CARNOUSTIE, Scotland — Jordan Spieth was practicing Tuesday for the 147th British Open when something caught his eye.
Spieth, the defending champion who on Monday had just returned the Claret Jug to tournament officials, was looking at his cell phone and saw a text chain that amused him. He showed it to his caddie, Michael Greller, and the two had a laugh.
The first note came from his buddy, Justin Thomas, which read: “Thanks for dropping the Claret Jug off yesterday, Jord, she’s coming home with me this year.’’
The next one came from Rickie Fowler: “Haha, nice try. I’m the links master and the jug is mine.’’
There were no social media or cell phones back in the respective playing primes of Jack Nicklaus, Tom Watson, Gary Player, Nick Faldo, Greg Norman, et al. But even if there were, can you imagine those guys — the fiercest competitors and most prolific winners of their respective generations — having a go at each other like that on the eve of the most important tournament of the year?
Can you imagine Faldo ribbing Norman about his failure to capture a Masters, or Tiger Woods tweaking Phil Mickelson by comparing their major championship records?
Can you imagine Watson, Faldo and Norman sharing a plane ride home after one of them won the Open Championship and sharing an exquisite Cabernet or Shiraz out of the Claret Jug?
Picture the Los Angeles Kings players sharing a few bottles of celebratory bubbly out of the Stanley Cup with the Rangers players hours after they’d just vanquished the Blueshirts in Game 5 of the 2014 Stanley Cup final.
Didn’t happen back in the day and wouldn’t happen today.
But this is a far different era, one in which many of the elite players in golf who are fighting each other for the most sacred trophies in the sport and their own personal legacies are pals pulling for each other.
Can you imagine Watson waiting at the 18th green long after he’d finished his final round to congratulate Nicklaus after winning one of his 18 major championships?
Fowler, Thomas and 2015 Open winner Zach Johnson were waiting at the top of the hill at the 18th green at Royal Birkdale last year to congratulate Spieth when he won.
“It is a very unique group of us,’’ Thomas said. “Obviously, we want to beat each other’s brains in. I never want to lose to any of my friends — especially my best friends. As weird as it is, sometimes it’s harder losing to your closest friends than it is someone you don’t even know, whether it’s bragging rights or whatever it is, but it is a weird feeling.’’
Woods, who’s gotten to know the twentysomethings while serving as a vice captain at the Ryder Cup and Presidents Cup, said nothing like that camaraderie existed when he burst onto the PGA Tour in 1996 at age 20.
“When I first came out on tour, I was an anomaly in the sense that no one turned pro at 20,’’ Woods said. “So most of the guys that I grew up playing with were still in college when I first came out on tour. Now you have guys that are turning pro at 18, 19, 20, that’s the normal age to turn pro, and they’re all making it at the same time.

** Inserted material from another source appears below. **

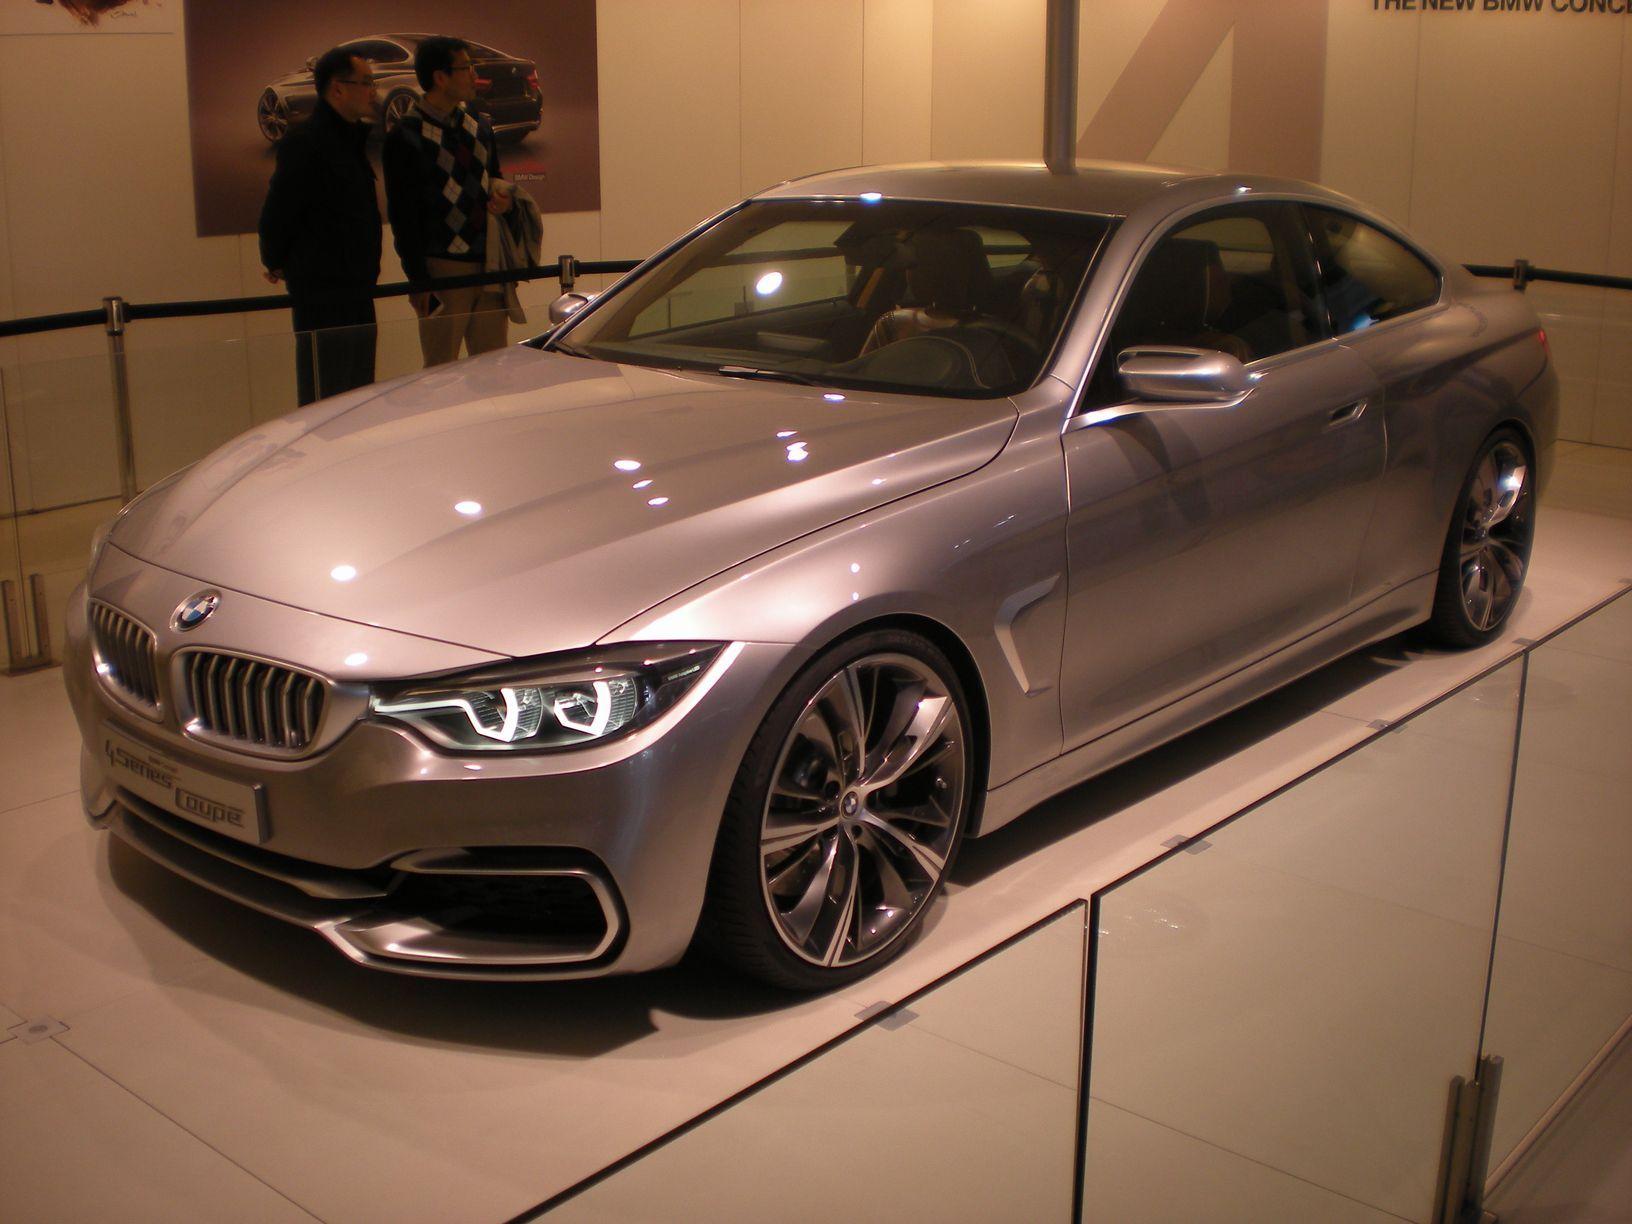 BMW X CAR Pinterest BMW And Cars - Bmw 4 series models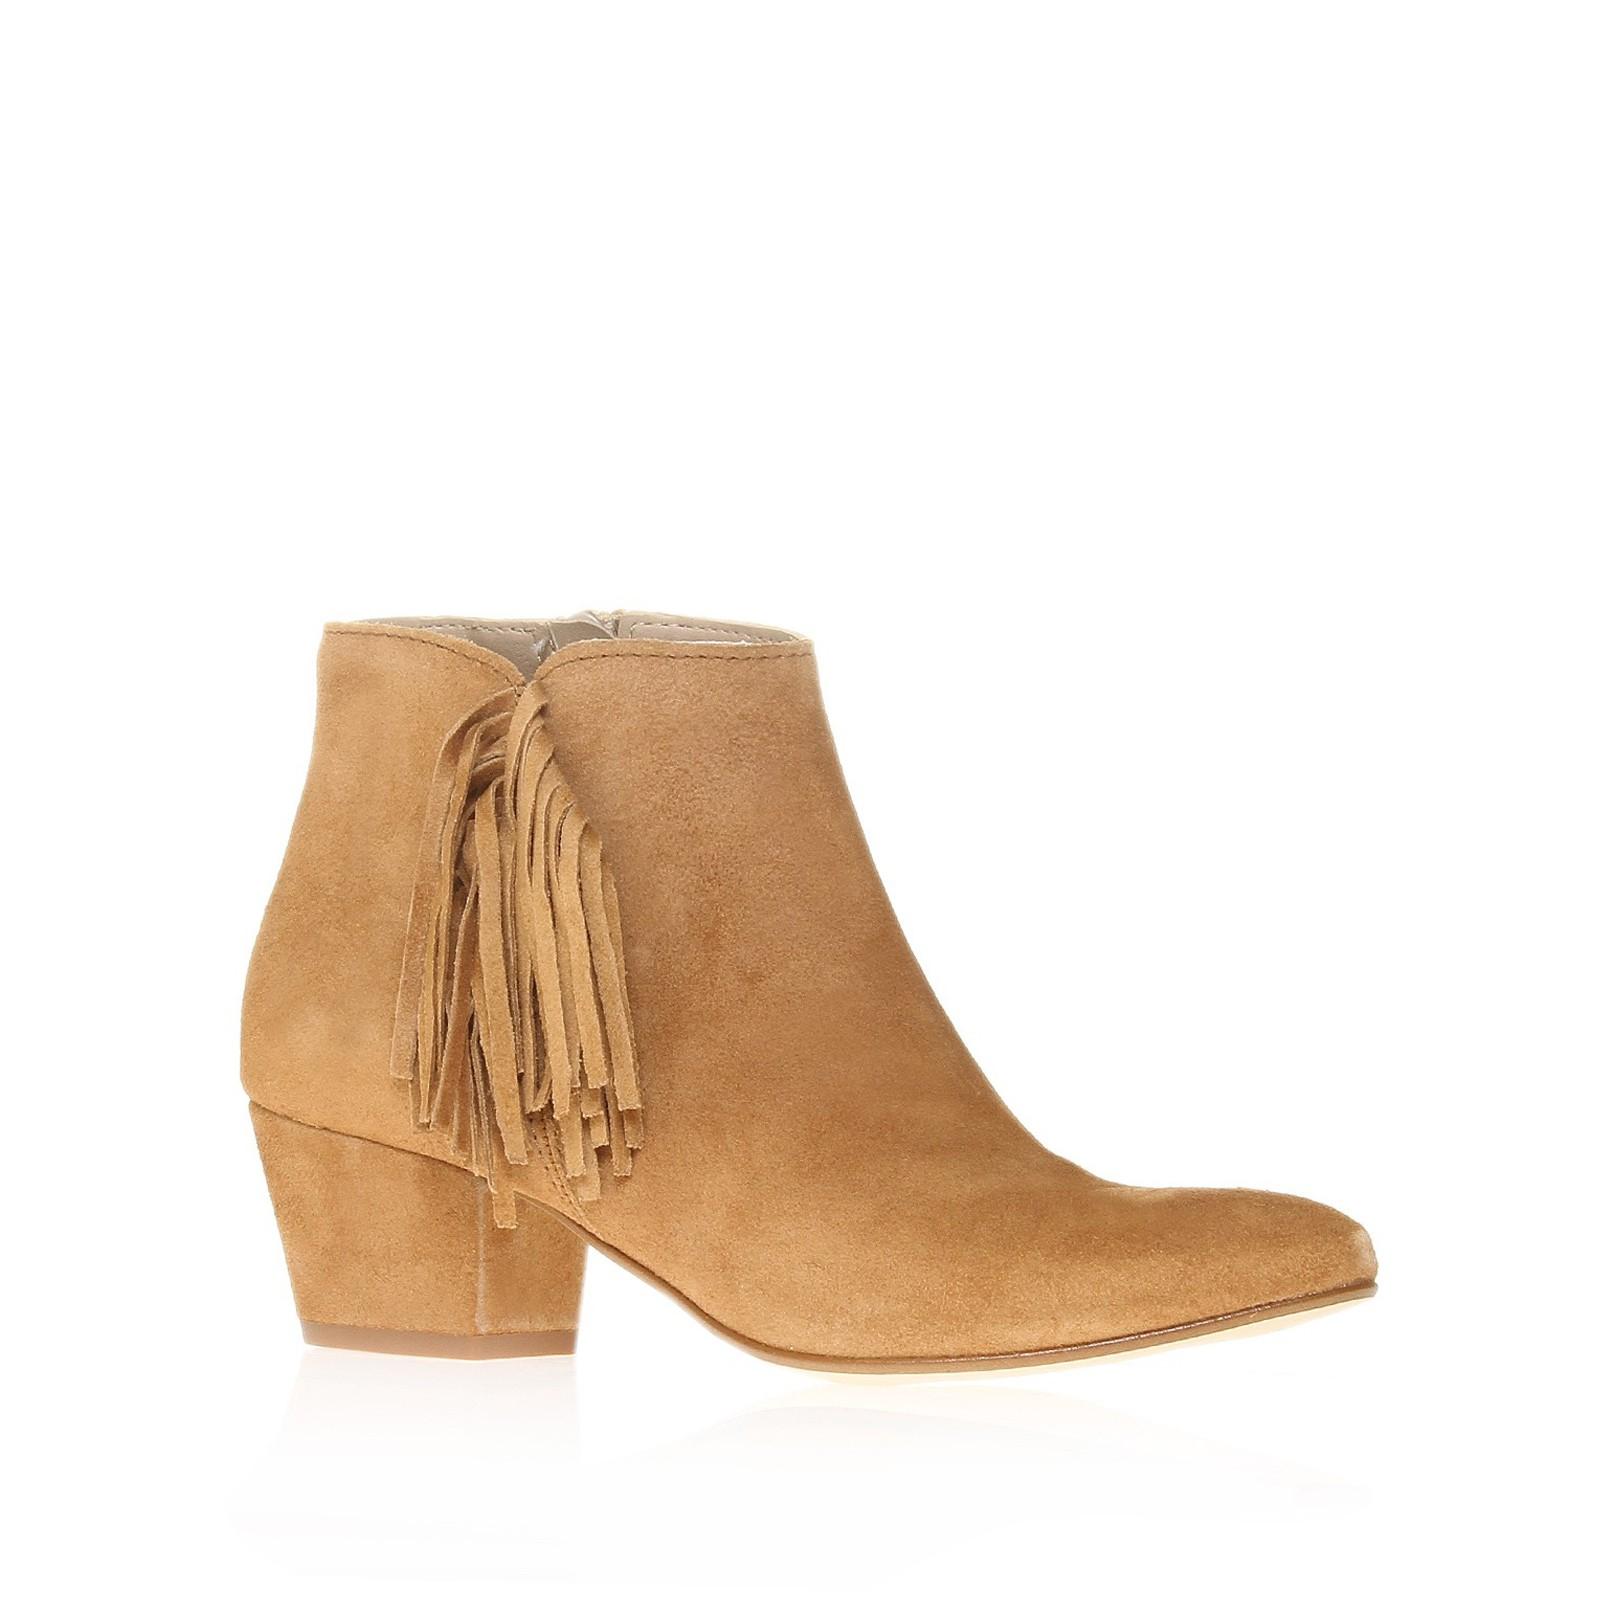 carvela kurt geiger ankle boots in brown lyst

“So, yeah, you see these guys are really close, but they’ve been close since junior golf and made it out here on tour very quickly and almost the same time frame. So I think that’s one of the reasons why you see them hanging around with each other all the time.’’
There’s a thought process that players shouldn’t get too close to each other for fear of that dulling some edge off of their competitiveness — particularly when they’re battling one another.
That was old-school thinking. This new generation is all new-school, and most of them are making it work.
Spieth has three major championship wins, Thomas just won his first at the 2017 PGA Championship, Johnson has two majors, including the 2015 British Open, after which they all flew home together on a private jet and drank from the Claret Jug.
The guys have a deal: If one of them wins the Claret Jug, he foots the bill for the private jet ride home. So Johnson paid in ’15 and Spieth paid last year. Fowler, in search of his first career major, would love dearly to have to pay that bill after Sunday.
Spieth, Thomas, Fowler and Johnson are sharing a house near Carnoustie this week, as they’ve done at recent Opens. In it, they have a personal chef cooking them meals and a massage therapist so they never have to leave the house. They can hang out together, drink wine together and needle each other.
Just as the older generation never did.